## Task requirements
Return the listing below verbatim. Pictures do not belong in the copy.

## Supplied data
====
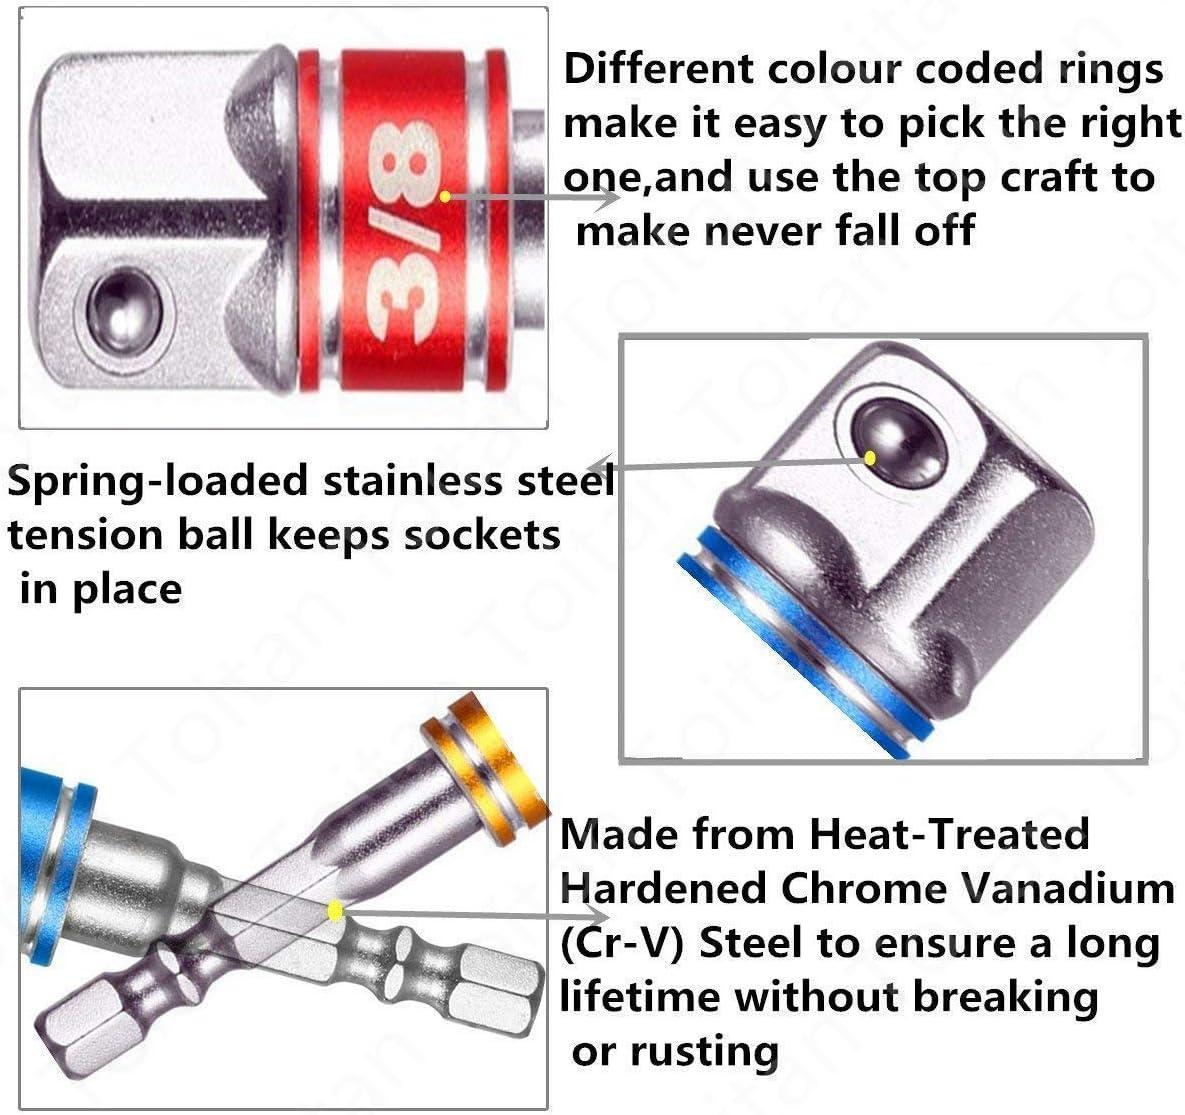 3Pcs 1//4 3//8 1//2Hex Shank Impact Grade Driver Socket Adapter Drill Bit Set+105 Right Angle Drill Degree Adapter Attachment 1//4 Drive 6mm Hex Magnetic Bit Socket Screwdriver Holder Adaptor
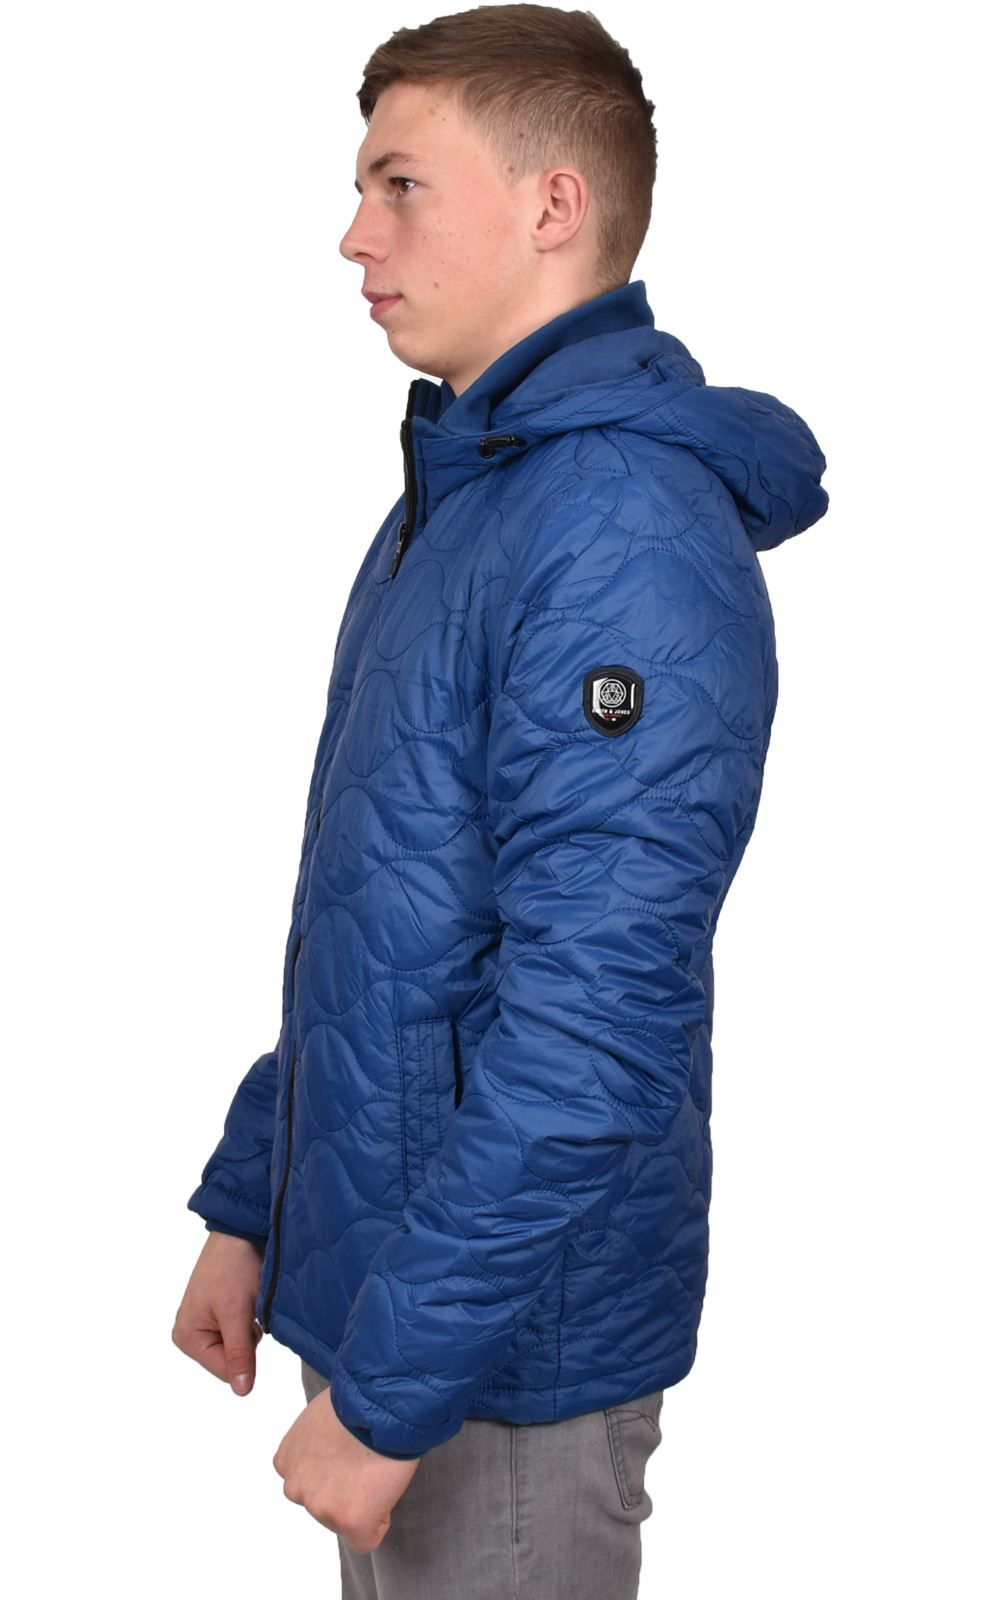 Mens-Smith-amp-Jones-Jacket-Full-Zip-Fleece-Lined-Hooded-Light-Weight-Warm-Coat thumbnail 10
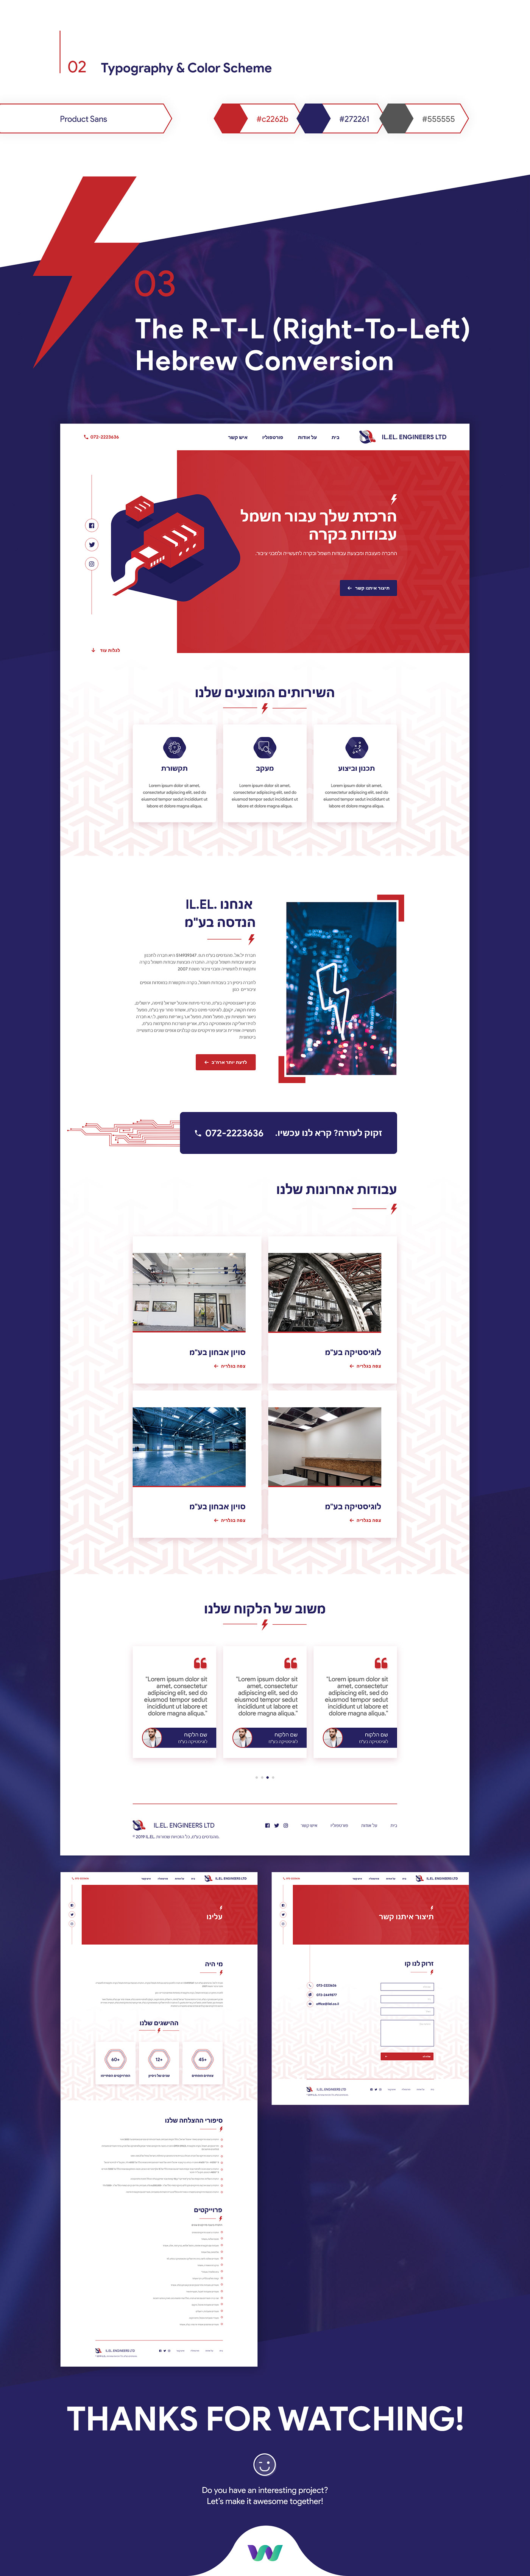 Web Webdesign webui UI ux UserInterface userinteraction UserExperience wix Website
====
## Solution to the exercise
 3Pcs 1//4 3//8 1//2Hex Shank Impact Grade Driver Socket Adapter Drill Bit Set+105 Right Angle Drill Degree Adapter Attachment 1//4 Drive 6mm Hex Magnetic Bit Socket Screwdriver Holder Adaptor
 Mens-Smith-amp-Jones-Jacket-Full-Zip-Fleece-Lined-Hooded-Light-Weight-Warm-Coat thumbnail 10
 Web Webdesign webui UI ux UserInterface userinteraction UserExperience wix Website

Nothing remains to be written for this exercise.